The *Adapt* column specifies that connectors assigned to the boundary
condition have their point clustering adapted (points will be added or removed) in order to meet
the target cell sizes specified by any selected size field influencers on the
*Size Field* tab. The *Adapt* column is set to *Off*
by default and can be toggled *On* by double clicking in the field. Adaptation is not
available for the *Unspecified* boundary condition.

**Note:** Even though T-Rex layers are not directly influenced by the
size field, the *Adapt* option can still be applied to any T-Rex condition
that grows anisotropic cells (*Wall*, *Angle*, *Aspect Ratio*, *Max.
Aspect Ratio*, and *Adjacent Grid*). In this case, the connectors will be adapted prior to marching T-Rex
layers, thus picking up the influence from the size field.

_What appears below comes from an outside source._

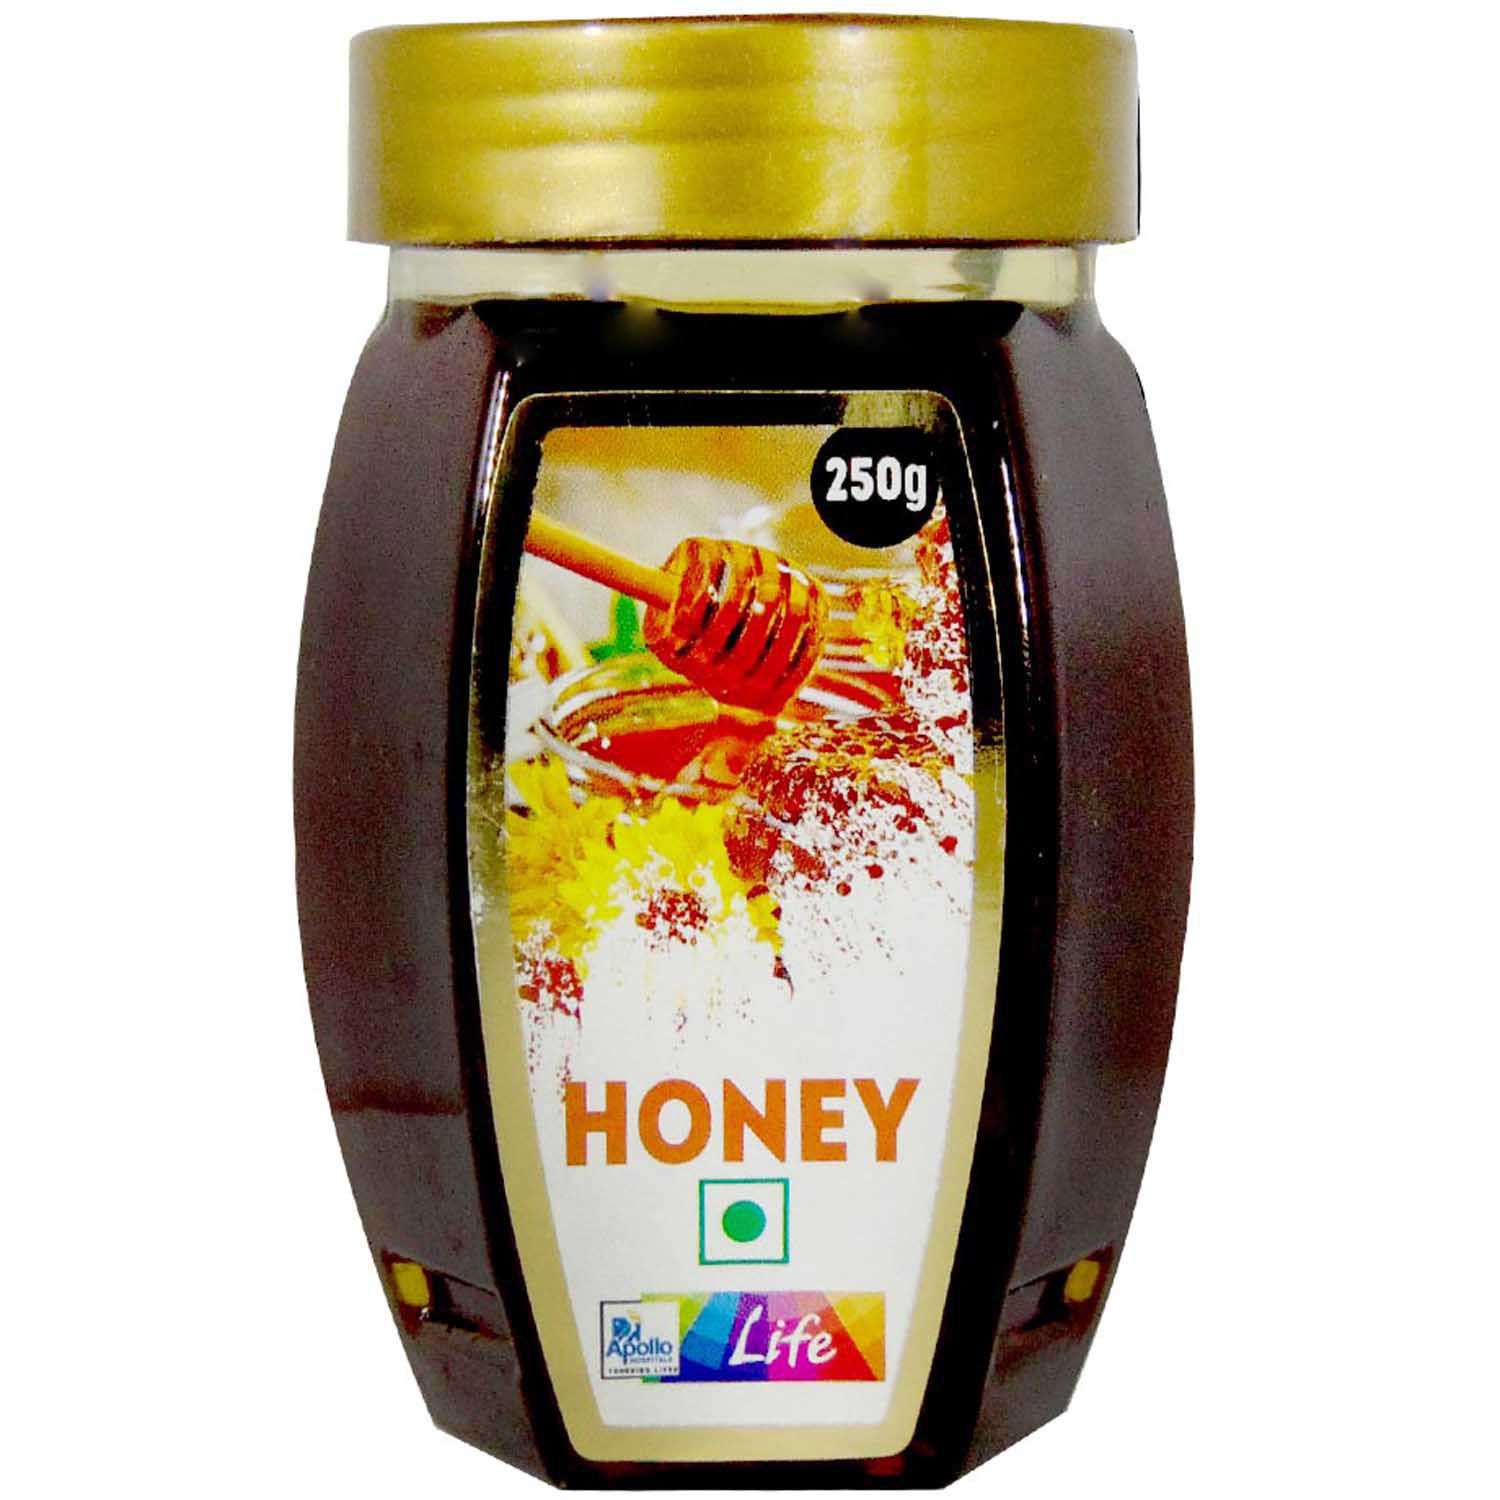 Apollo Life Honey, 250 gm, Pack of 1

The remaining columns (*Growth Rate*, *Constant Layers*, *Min. Edge
Length*, and *Min. Radius of Curvature*) are only available for T-Rex boundary
conditions that grow anisotropic cells (i.e. *Wall*, *Angle*, *Aspect
Ratio*, *Max. Aspect Ratio*, and *Adjacent Grid*) and function similarly to
the *Automatic Surface
Mesh* Stretching Filter parameters of the same names.

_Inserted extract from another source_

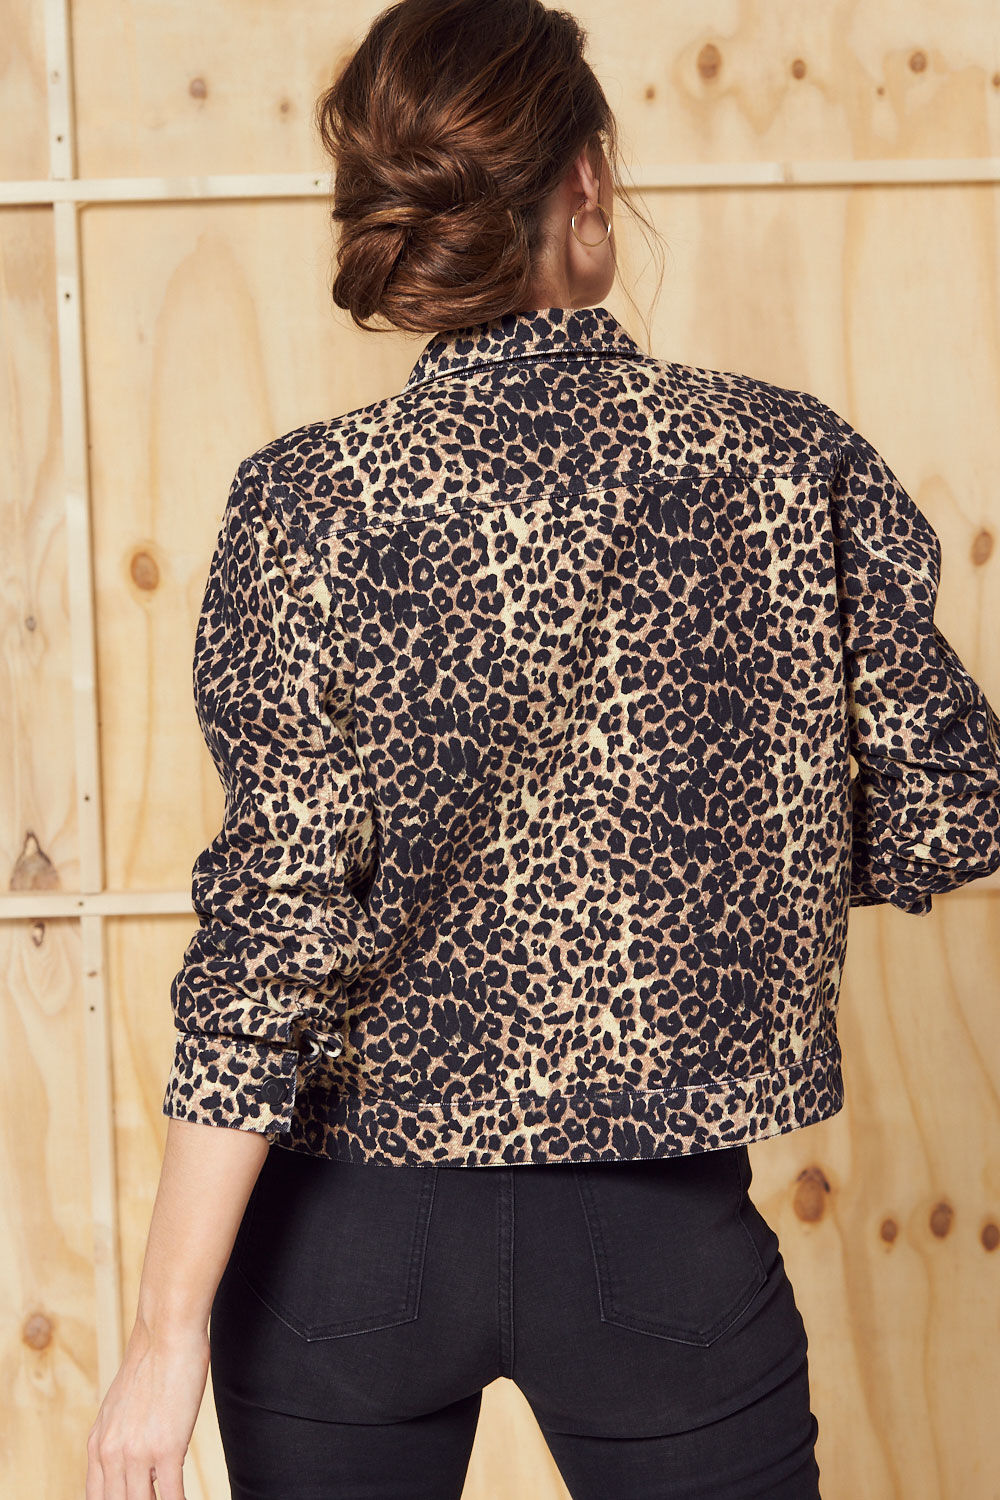 Zeagle leopard print denim jacket - Anya

The *Growth Rate* and *Constant Layers* columns provide more fine-tuned control
of the growth schedule for individual T-Rex boundary conditions. By default, T-Rex uses the
growth rate specified on the *T-Rex* tab. The *Constant
Layers* column allows you to specify an integer number of constant growth layers before
the *Growth Rate* is applied and has a default value of 0. Double click in the
corresponding field to specify a different value for the assigned connectors.

**Note:** The *Constant Layers* attribute tells T-Rex how many layers
of anisotropic cells to grow using the prescribed initial spacing before applying the
*Growth Rate*. For a value of 1, T-Rex will grow 1 layer using the initial spacing
and apply the *Growth Rate* to layers >= 2. For a value of 2, T-Rex will grow 2
layers using the initial spacing and apply the *Growth Rate* to layers >= 3, and so
on. The default value of 0 is a special value that indicates that T-Rex should use the
legacy behavior. This produces the same result as specifying a value of 1, i.e. the first
layer uses the prescribed initial spacing and subsequent layers apply the *Growth Rate*.

The *Min. Edge Length* and *Min. Radius of Curvature* columns allow you to
specify a minimum edge length and radius of curvature, respectively, to
be used with adaptation for the assigned connectors. These are intended to limit excessive
over-refinement of the connectors due to inconsistencies in the geometry definition.